### Dataset excerpt

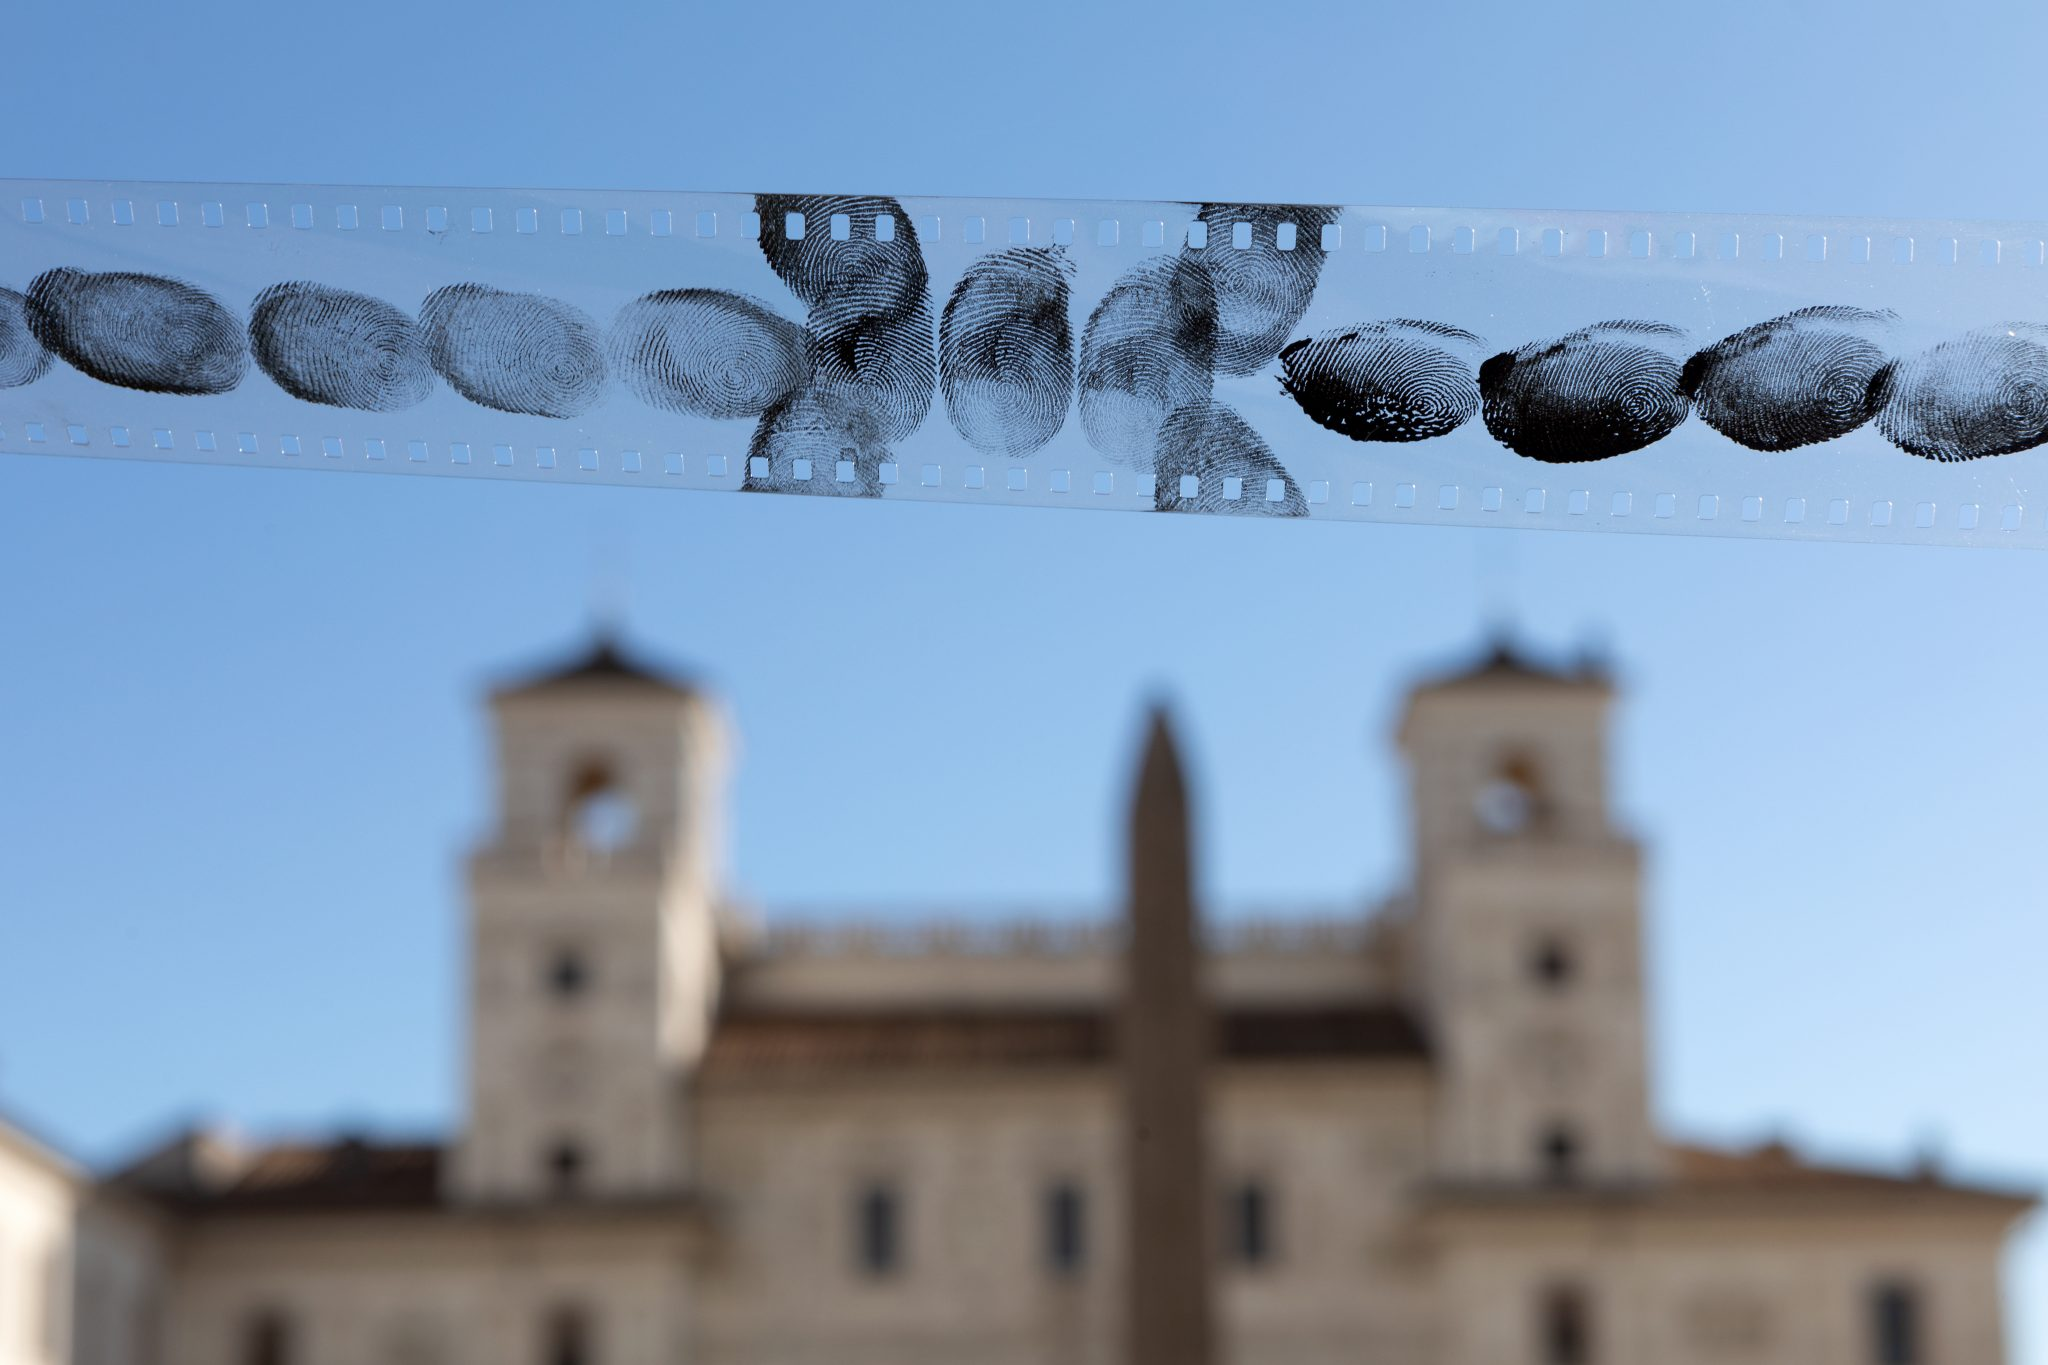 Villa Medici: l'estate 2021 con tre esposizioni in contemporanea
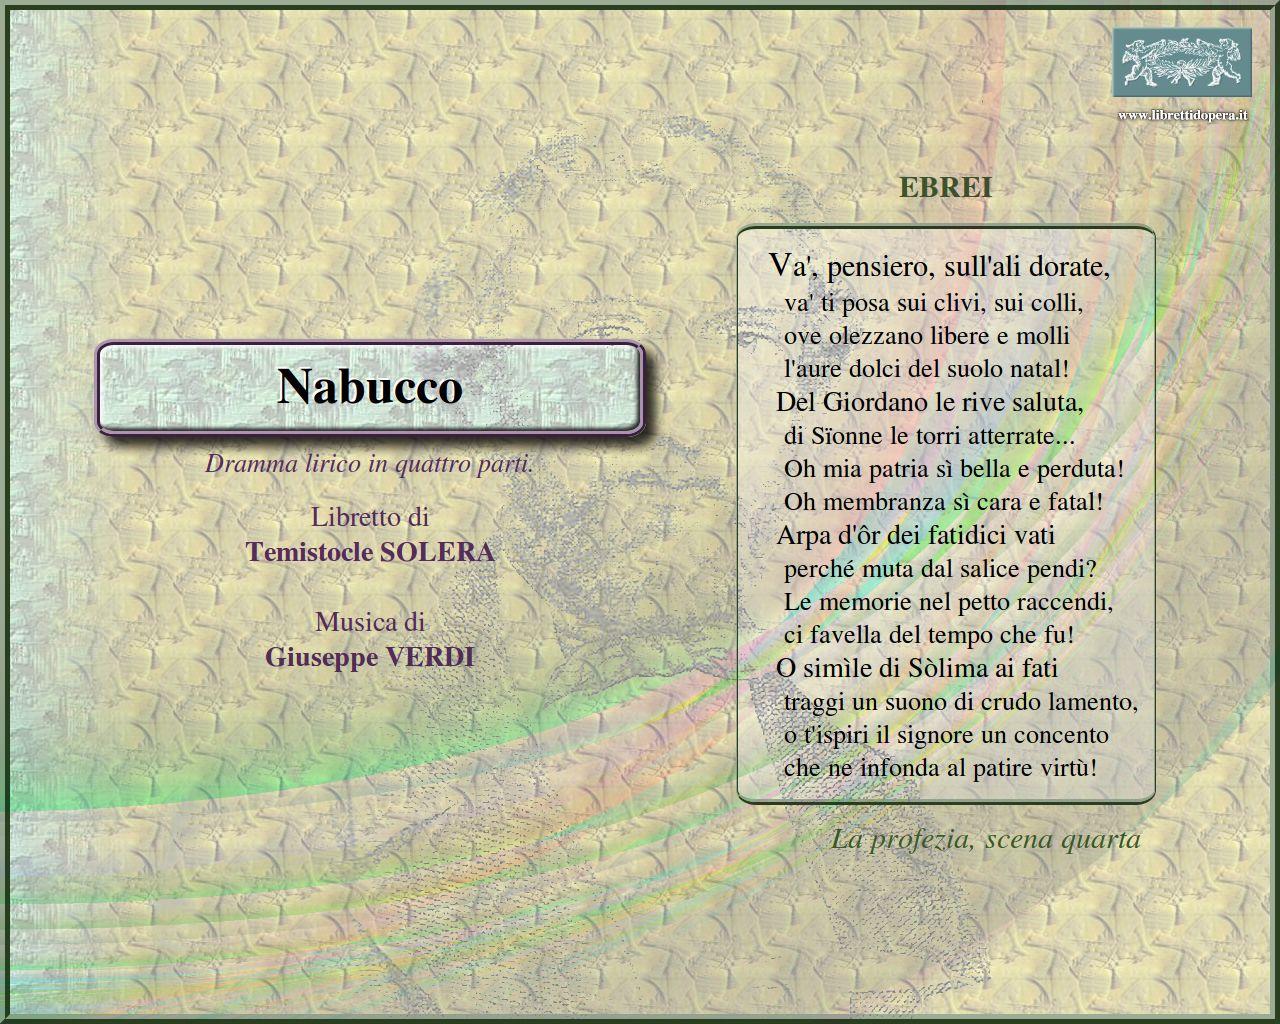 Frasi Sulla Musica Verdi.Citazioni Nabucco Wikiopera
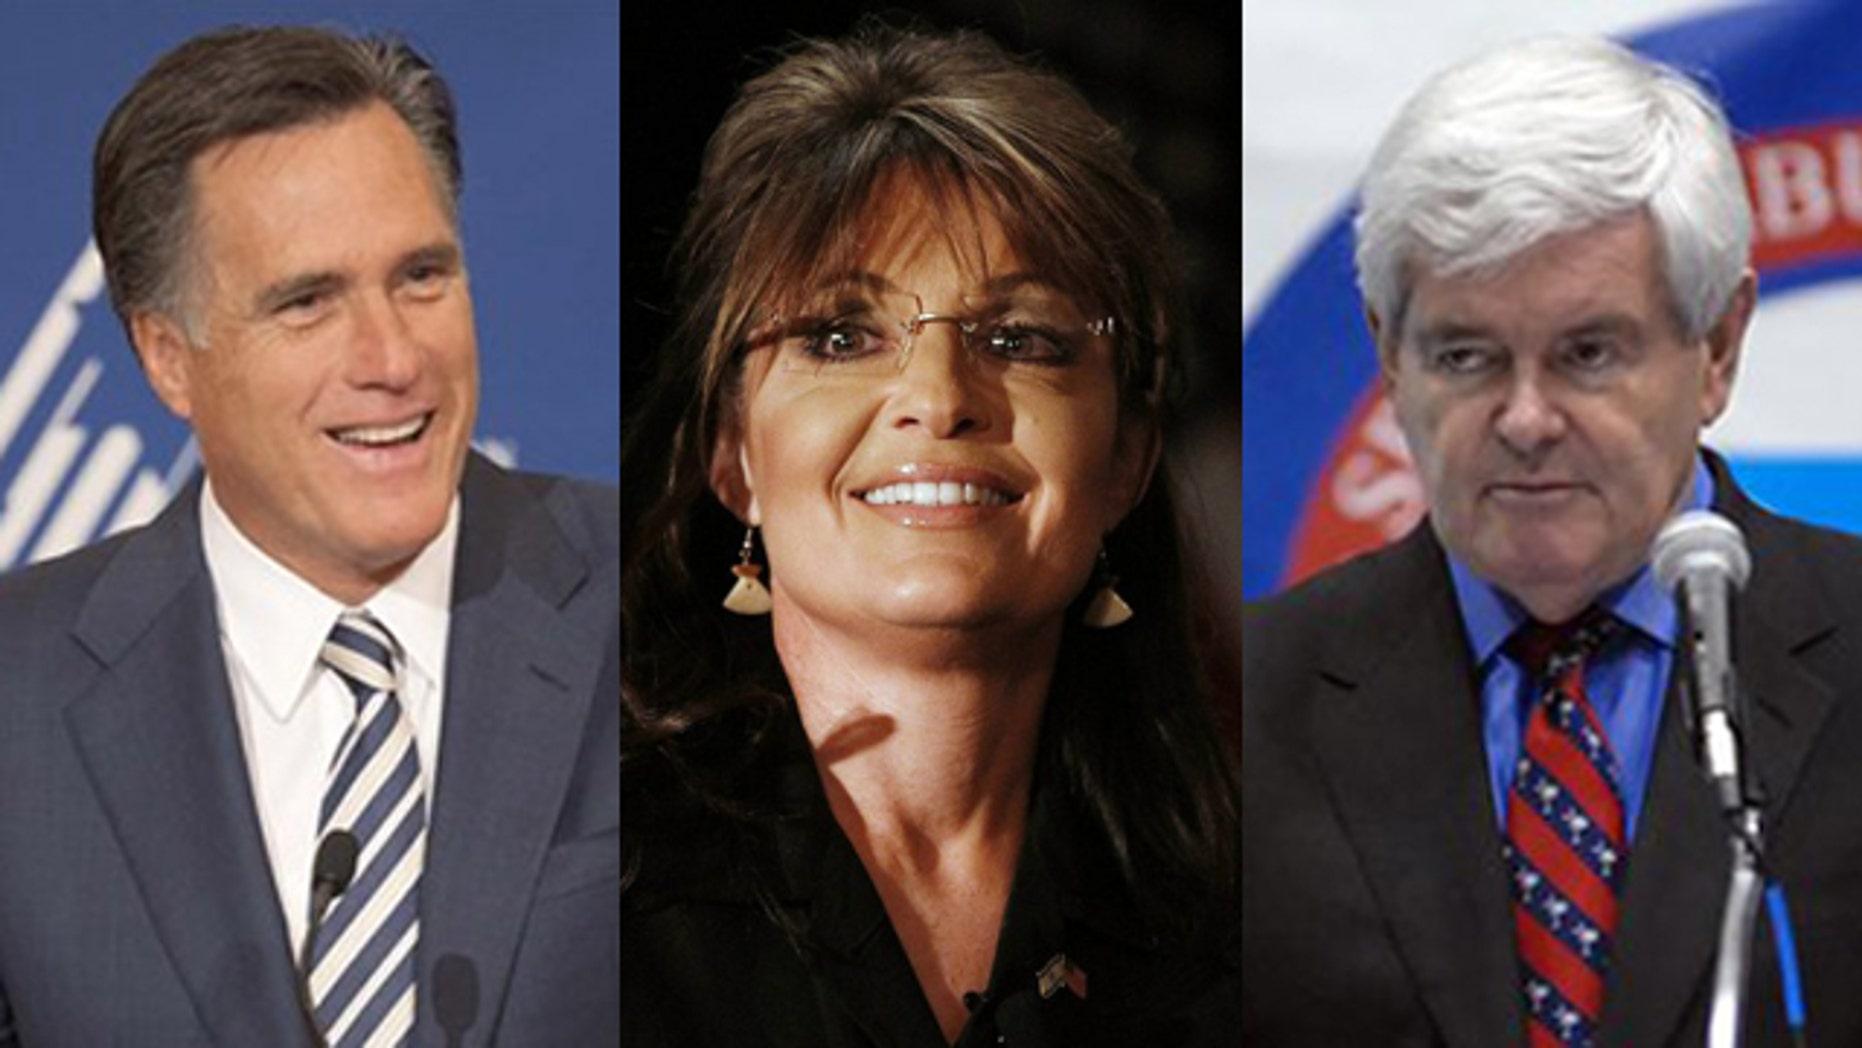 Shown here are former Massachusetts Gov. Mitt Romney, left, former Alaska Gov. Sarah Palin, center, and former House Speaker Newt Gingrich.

### Exercise details
Every line above gets copied exactly; none of the pictures do.

### Finished task
 Villa Medici: l'estate 2021 con tre esposizioni in contemporanea
 Frasi Sulla Musica Verdi.Citazioni Nabucco Wikiopera
 Shown here are former Massachusetts Gov. Mitt Romney, left, former Alaska Gov. Sarah Palin, center, and former House Speaker Newt Gingrich.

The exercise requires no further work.